И вновь наступила тишина.
— Джен… — начал Маркус.
— Только без глупостей, — предостерегла она. — Прошу тебя, будь разумен. Ты сам не понимаешь, с кем связался.
— Напротив, — вставил Янус. — Я думаю, теперь он это наконец понял.
— Я не позволю тебе застрелить его, — продолжал Маркус. — Мы вместе вернемся в лагерь и все обсудим. Я уверен, что…
Что–то промелькнуло над плечом женщины, и больше Маркус ничего не успел заметить. Он нырнул вперед, врезался в Джен, и оба они, проехавшись по пыльным каменным плитам, уткнулись в постамент одной из статуй. Рядом с металлическим лязгом упал пистолет. Узкая серебристая тень просвистела в пустоте, где только что стояла Джен, ударилась о ближайшую статую и, коротко звякнув, отскочила. Брызнуло каменное крошево. Кинжал с длинным изогнутым лезвием еще дважды подпрыгнул на плитах, словно выброшенная на берег рыба, зазвенел и наконец стих.
В проеме между двумя статуями возник молодой убийца — тот самый, которого Маркус видел в гостиной полковника. У него был еще один кинжал, который юноша небрежно перебрасывал из одной руки в другую. Из всей одежды на нем были только просторные короткие штаны, обритая голова лоснилась от масла. На обнаженной груди вспухали ярко–красные полосы, как от ударов хлыстом.
Не тратя времени на размышления, Маркус схватил пистолет, вскинул его и выстрелил. Убийца даже не замедлил шага — лишь изящным, почти танцевальным движением качнулся вбок, и Маркус услышал, как где–то в темноте бесполезно тренькнула пролетевшая мимо пуля. Он уже поднимался на ноги, ощупью нашаривая выпавшую из рук саблю, а юный убийца надвигался на него и Джен.

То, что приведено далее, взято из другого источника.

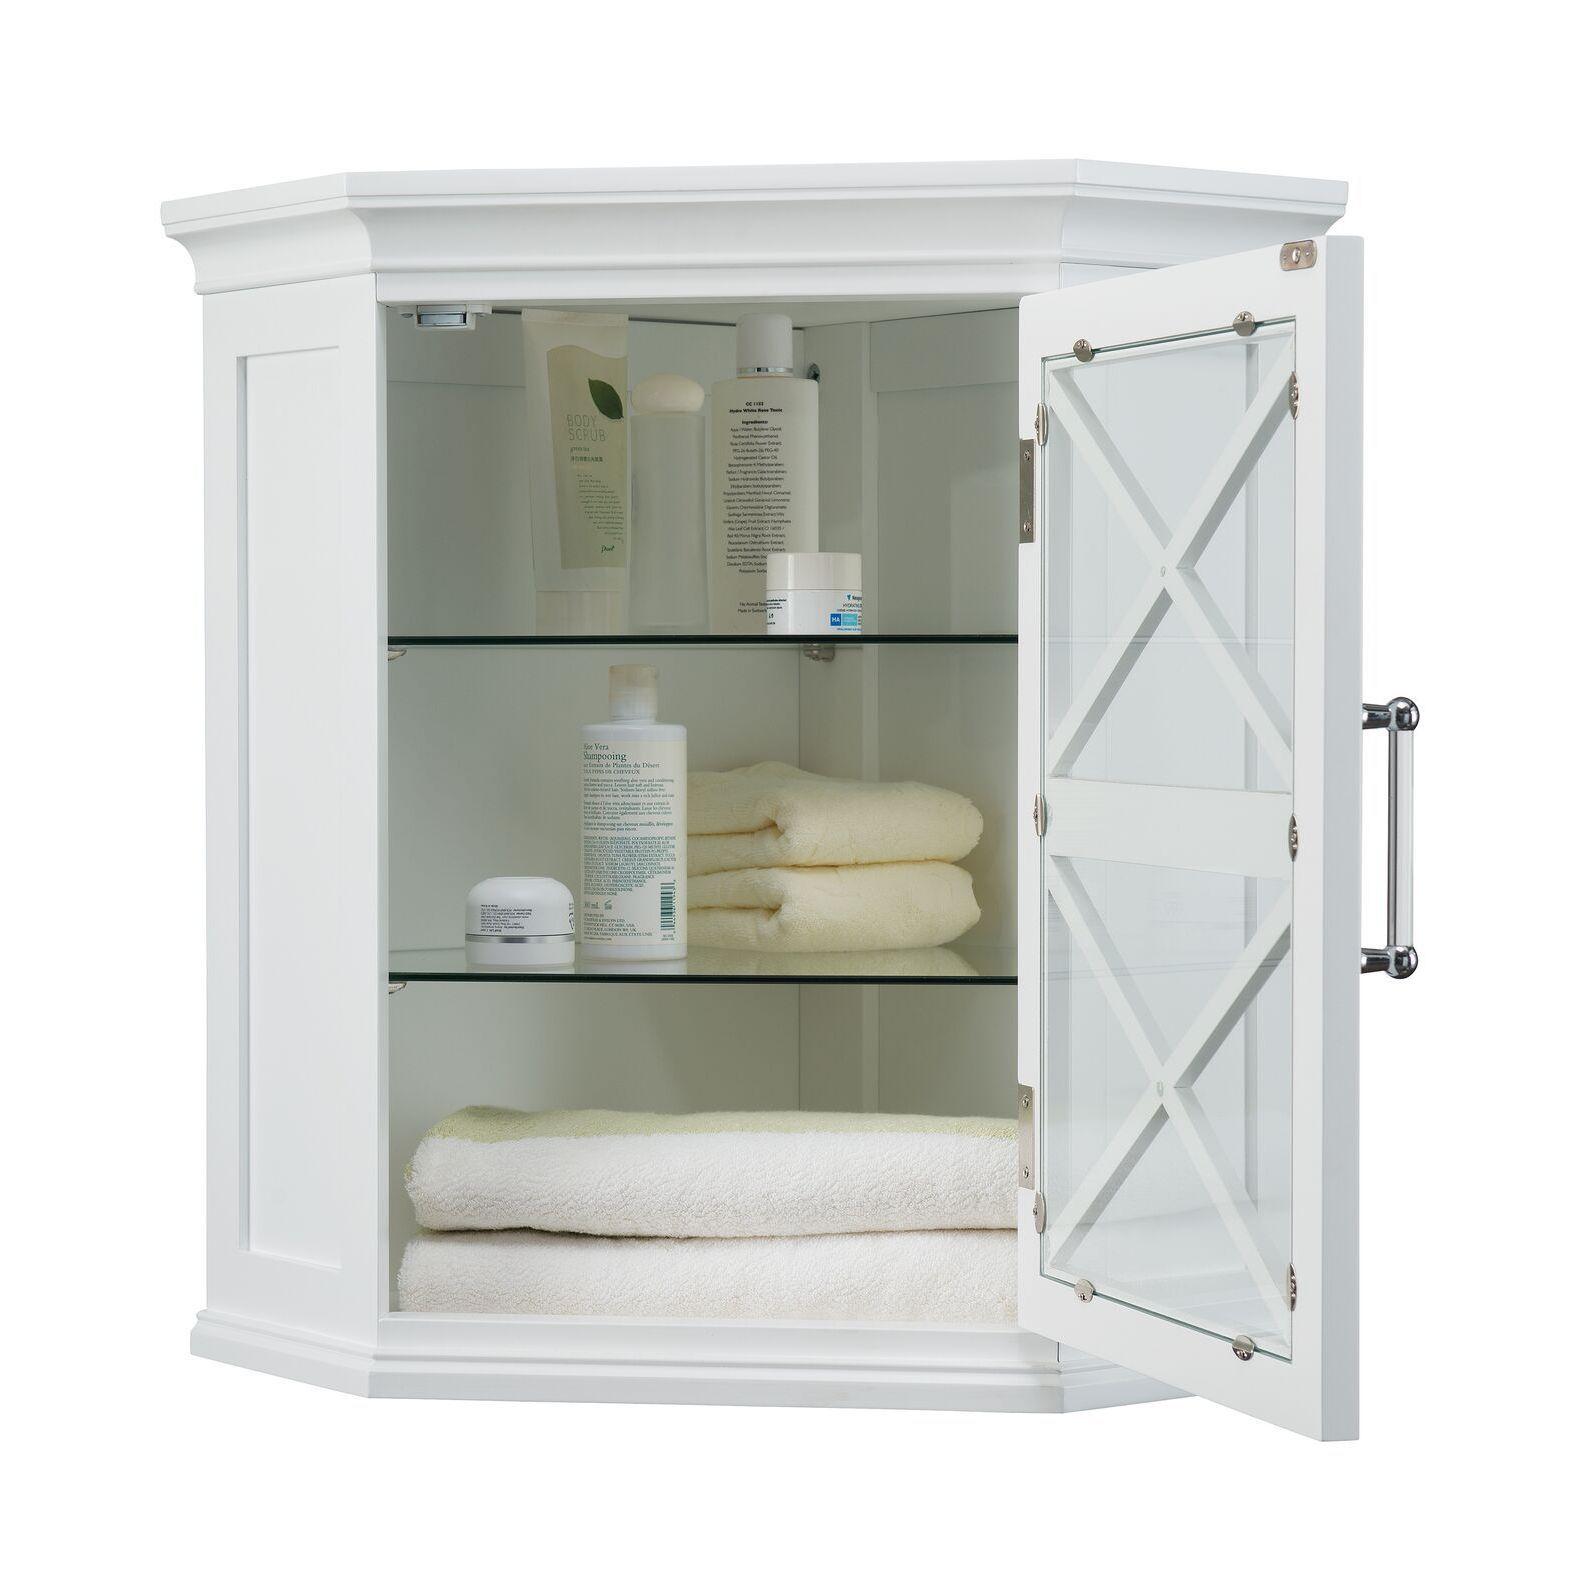 Bathroom Cabinet // Bathroom Storage Cabinet Grayson White Corner Wall Cabinet in Modern Style.

— Болван! — прошипела Джен. — С дороги!
Она толчком отшвырнула Маркуса вбок, и он, зашатавшись, как пьяный, навалился на статую. Убийца метнул в Джен другой кинжал, и сверкающее лезвие прочертило воздух с такой скоростью, что почти исчезло из виду. Джен вскинула левую руку, растопырив пальцы, и перед ними словно заискрилась пойманная молния. Кинжал отлетел прочь, как будто ударившись о стену, и со звоном канул вглубь пещеры.
Лицо юноши помрачнело.
— Ты — абх–наатем, — проговорил он по–хандарайски. — Слуга Орланко. Мы ждали твоего появления.
Джен сделала долгий выдох. И расплылась в ухмылке, ликующей и безудержно злобной. Маркус никогда прежде не видел ее такой. Руки женщины, вытянутые вдоль тела, расслабленно покачивались, пальцы сплетали в воздухе сложный узор — так разминается перед игрой скрипач.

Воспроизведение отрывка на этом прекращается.